3. There may be a problem with selecting the correct unit number for the disk
    on your system. Your probe-scsi command finds only units 3 and 6. If your
    OS is on the Quantum at unit 3, you should be booting sd(0,3,0)vmunix

        This missed the mark, as scsi addresses 0 and 3 are translated to
        devices sd3 and sd0 respectively.

4. Try powering off and back on again (with a 30 second or more delay).

5. Check that the SCSI chain is not too long. If possible try some shorter
    cables.

6. A problem with installboot.
    Try rebooting from cd-rom, boot up miniroot and reinstall the boot block.

        This wouldn't work for me, as the sd0a file partition was being trashed.
        An fsck on this partition reported a few wierd errors that confirmed
        that I no longer had a valid filesystem on this partition.

7. Wrong architecture?
    Someone managed to install Sun4 OS instead of Sun4c.

8. Incorrectly creating swap files using `mkfile -n ...'.
    You should not use "-n" for swap files.

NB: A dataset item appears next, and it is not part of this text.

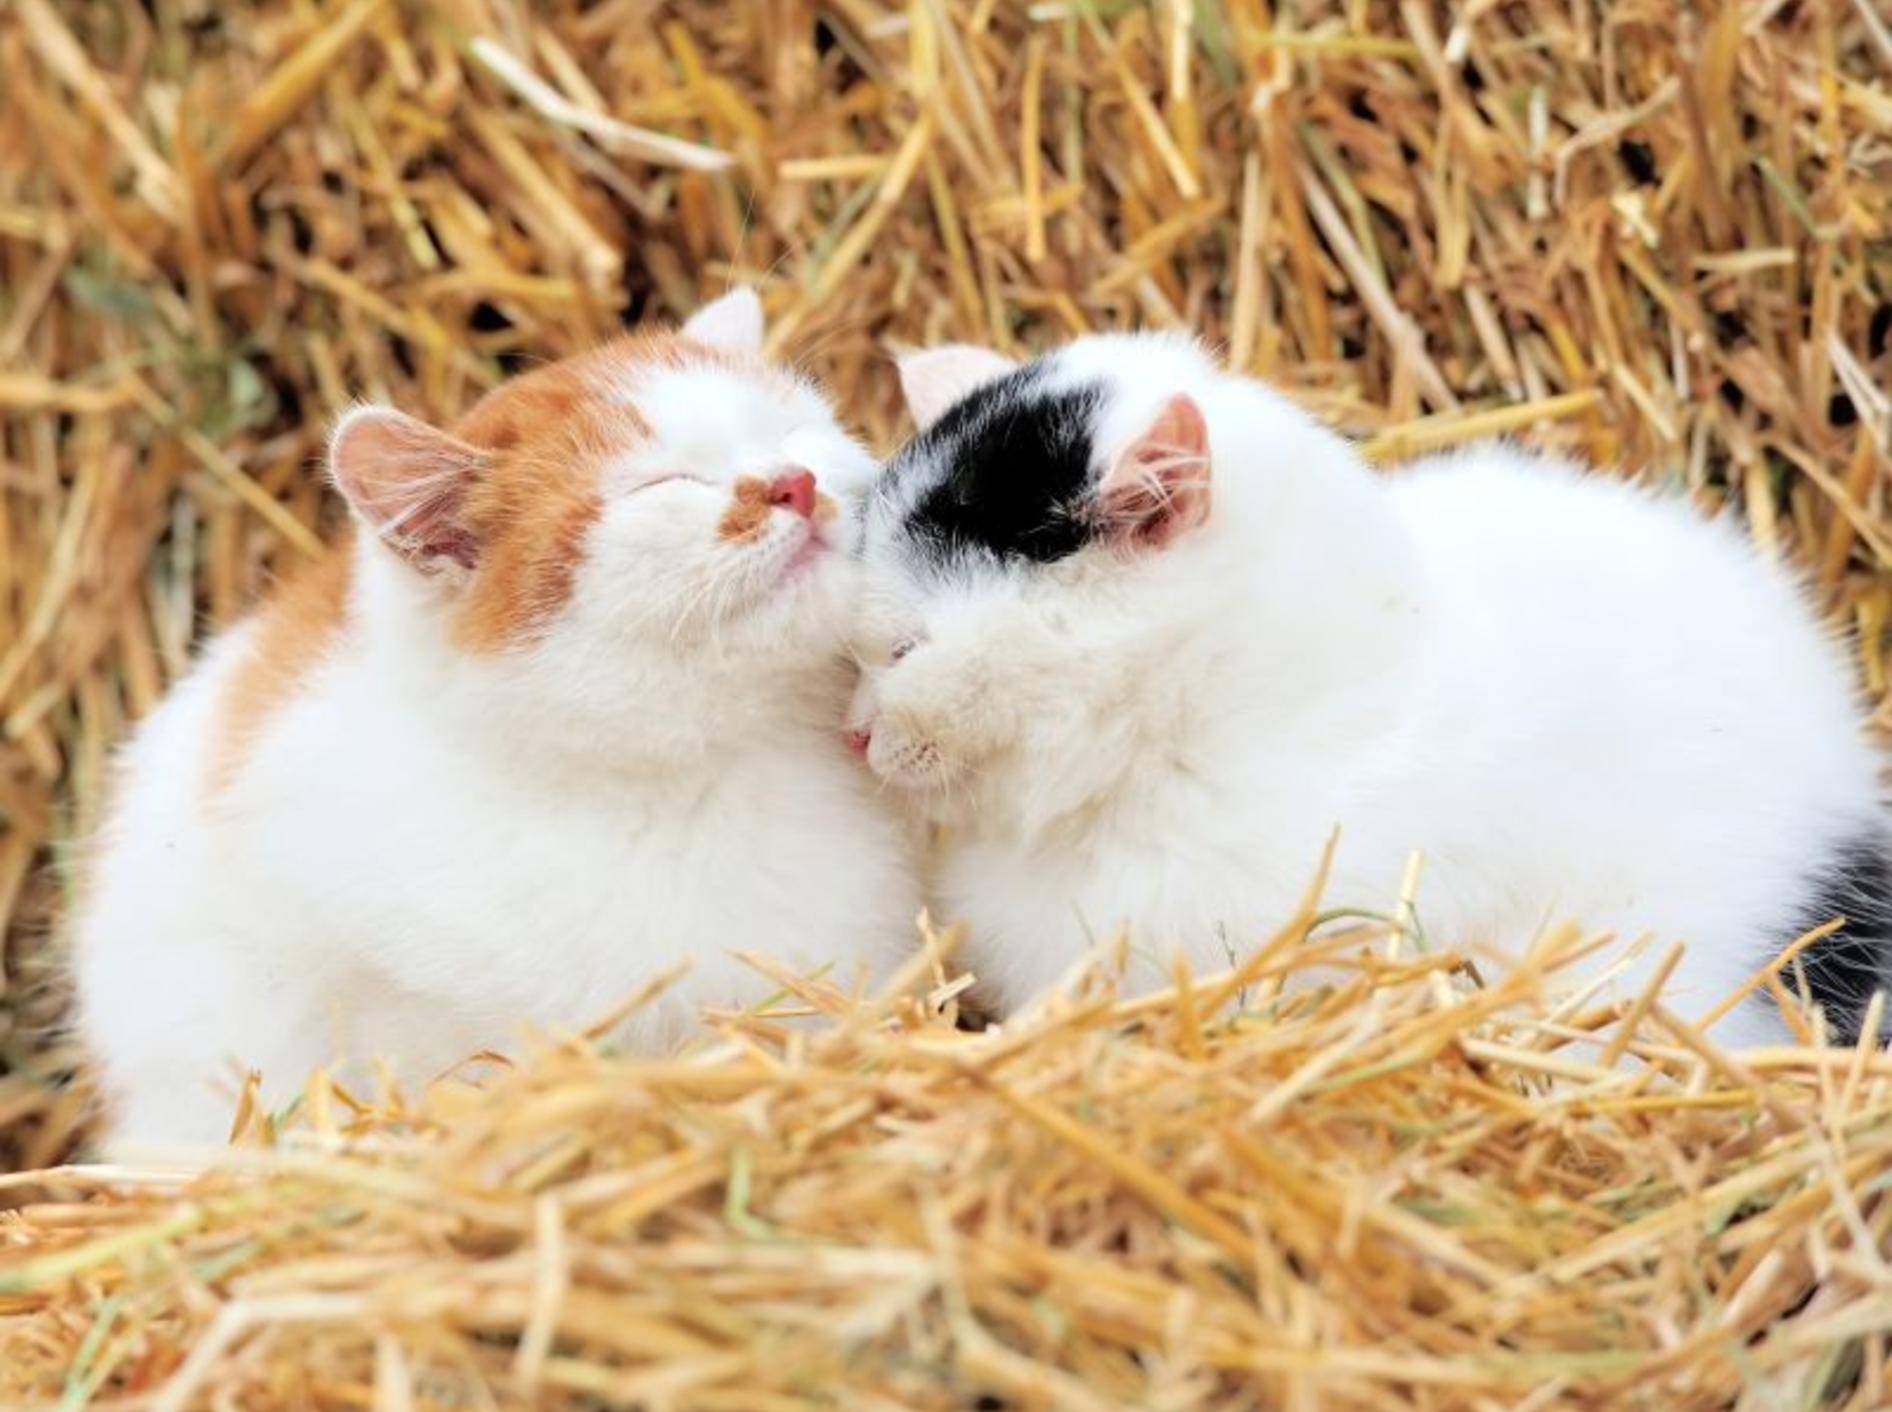 Flauschige Katzen: Im Stroh liegen, das ist schön! – Bild: Shutterstock / Volodymyr-Burdiak

9. A faulty SCSI terminator.

10. Be careful about the order you switch things on. I am told that Sun
    machines will generate some `noise' on the scsi the moment the system is
    powered up. Avoid problem by powering up the external scsi devices a few
    seconds after switching on the sun. Hopefully your disks will spin up
    while the sun is still doing its internal tests.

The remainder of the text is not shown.